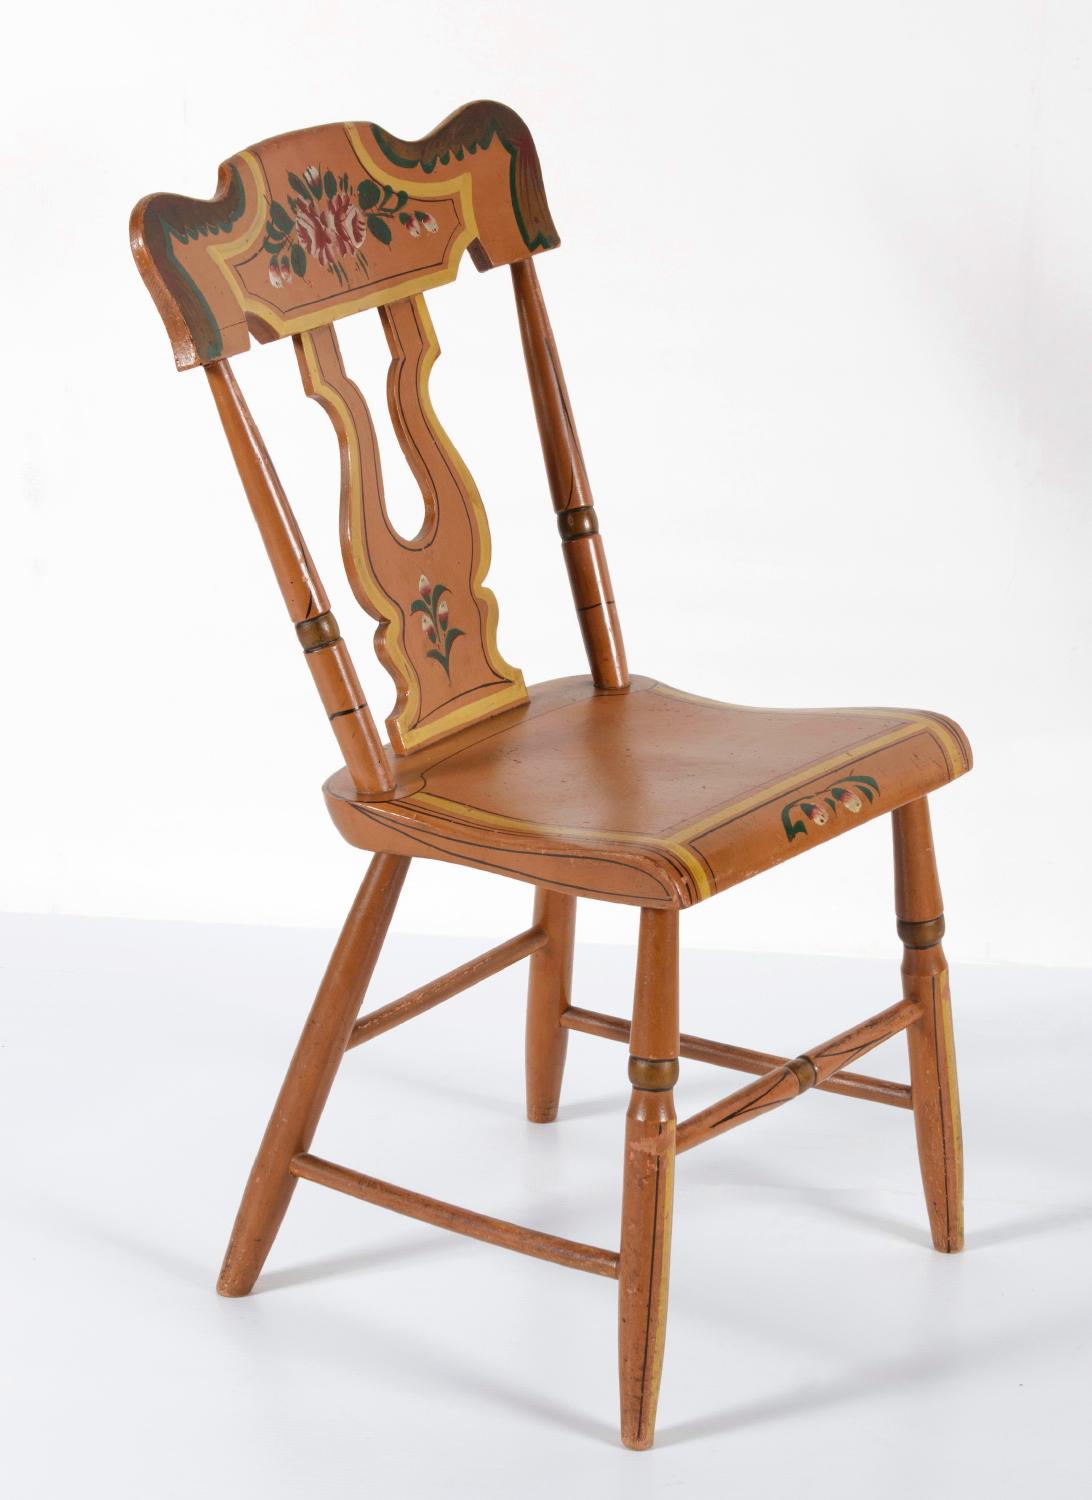 SET OF 6 SALMON PAINTED, PLANK-SEAT, LYRE BACK, PENNSYLVANIA CHAIRS WITH YELLOW STRIPING AND ROSE DECORATION, CA 1845-1865:

Set of 6 paint-decorated, Pennsylvania, plank-seated chairs of the mid-19th century (1845-65), with lyre or bootjack-style
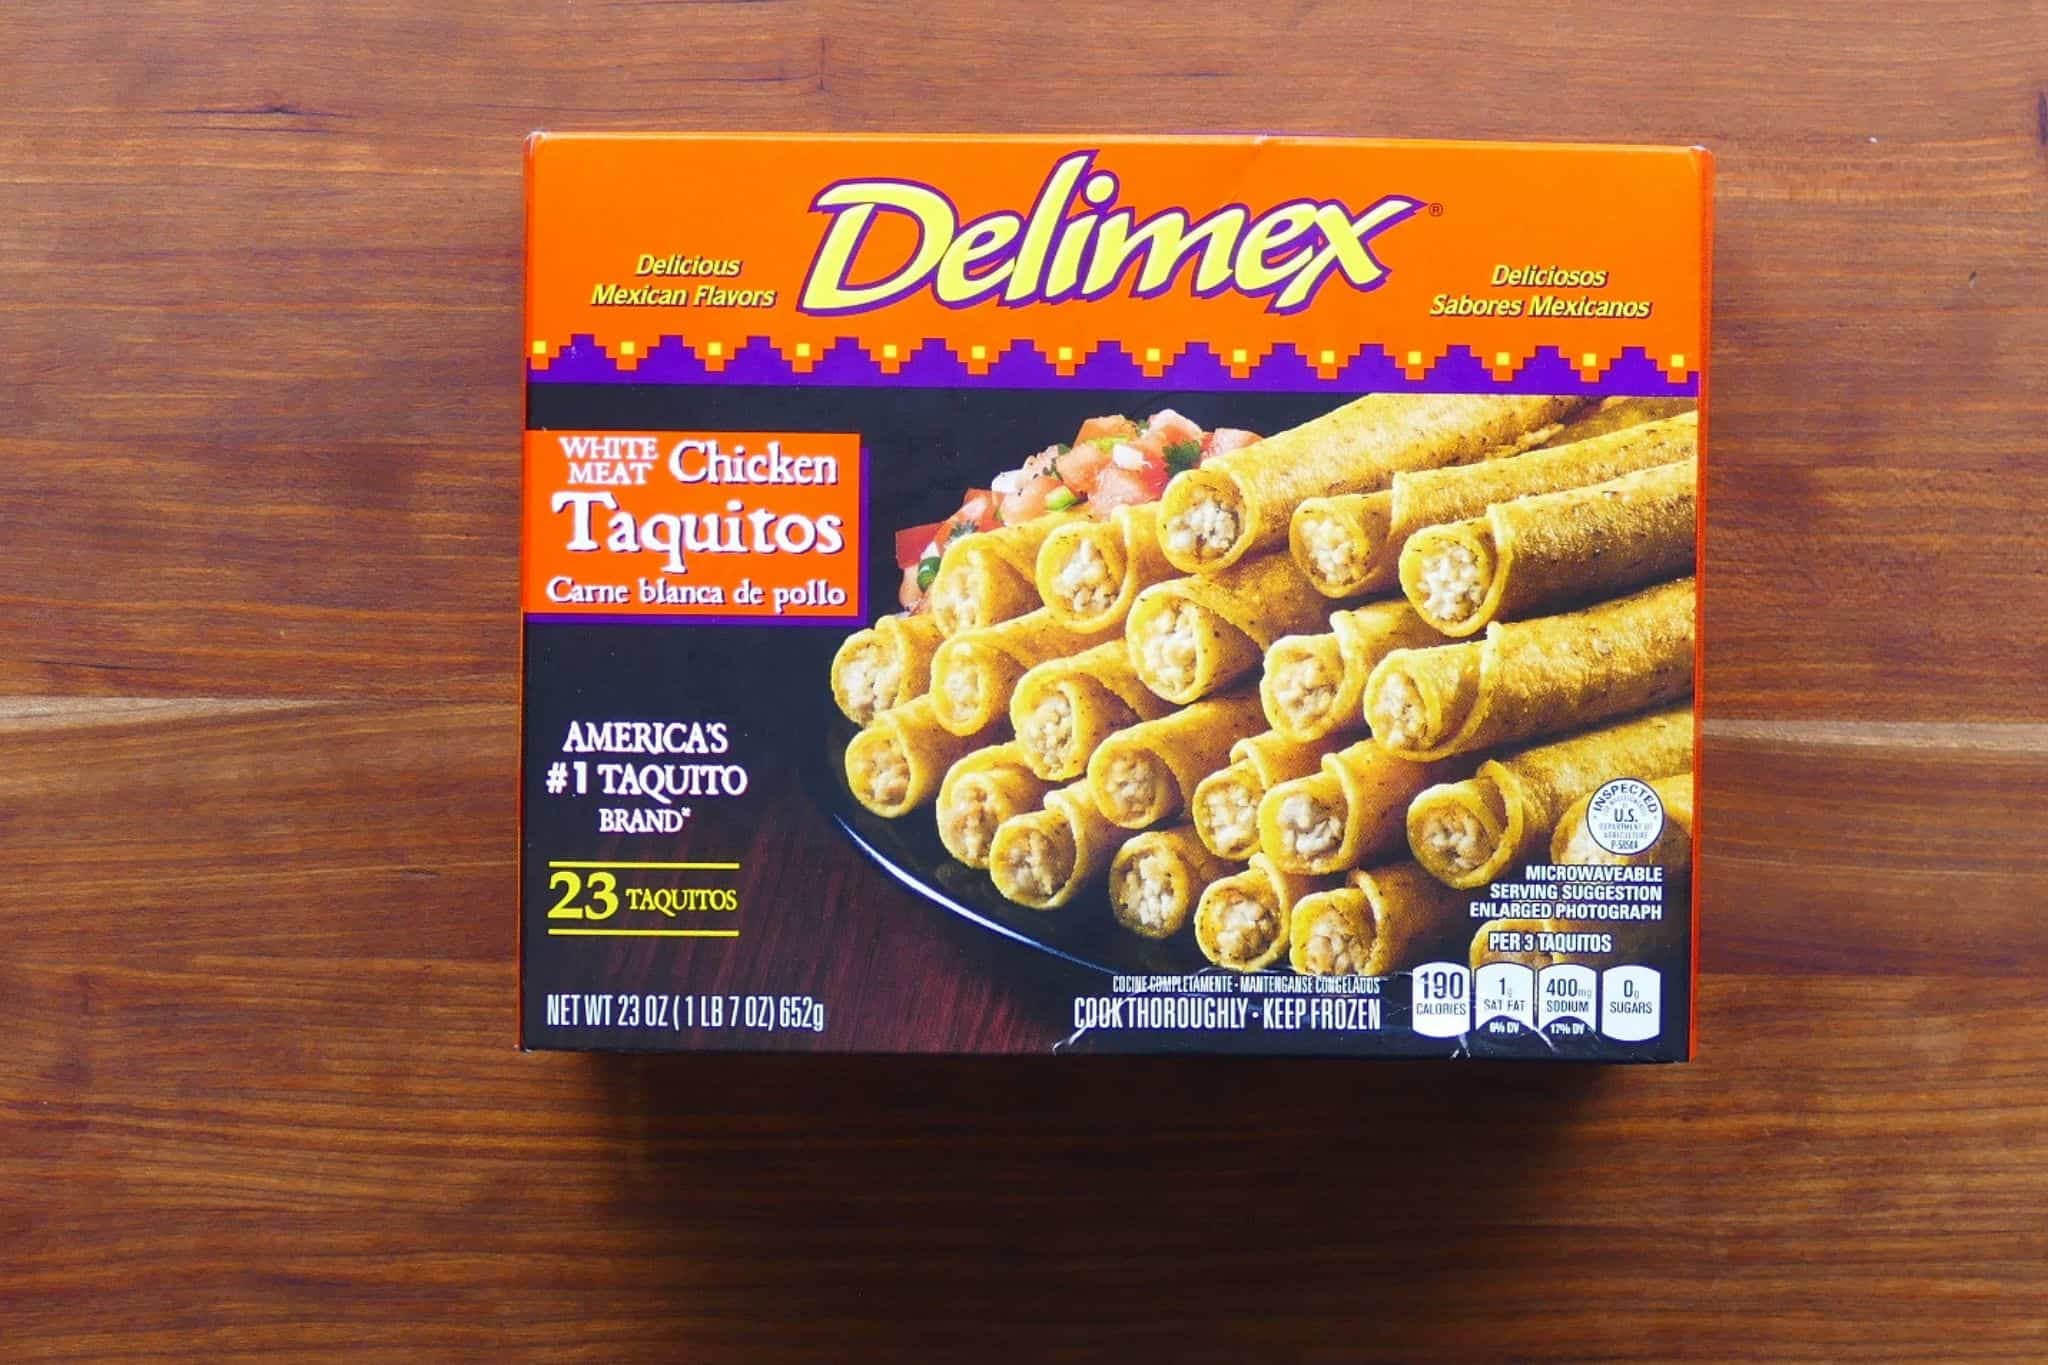 Delimex brand white meat chicken taquitos box with orange and purple design and stacked taquitos photo

========================================

**What is required**
The full data, repeated exactly and stripped of its pictures, is the expected answer.

**Solution to this exercise**
 SET OF 6 SALMON PAINTED, PLANK-SEAT, LYRE BACK, PENNSYLVANIA CHAIRS WITH YELLOW STRIPING AND ROSE DECORATION, CA 1845-1865:

Set of 6 paint-decorated, Pennsylvania, plank-seated chairs of the mid-19th century (1845-65), with lyre or bootjack-style
 Delimex brand white meat chicken taquitos box with orange and purple design and stacked taquitos photo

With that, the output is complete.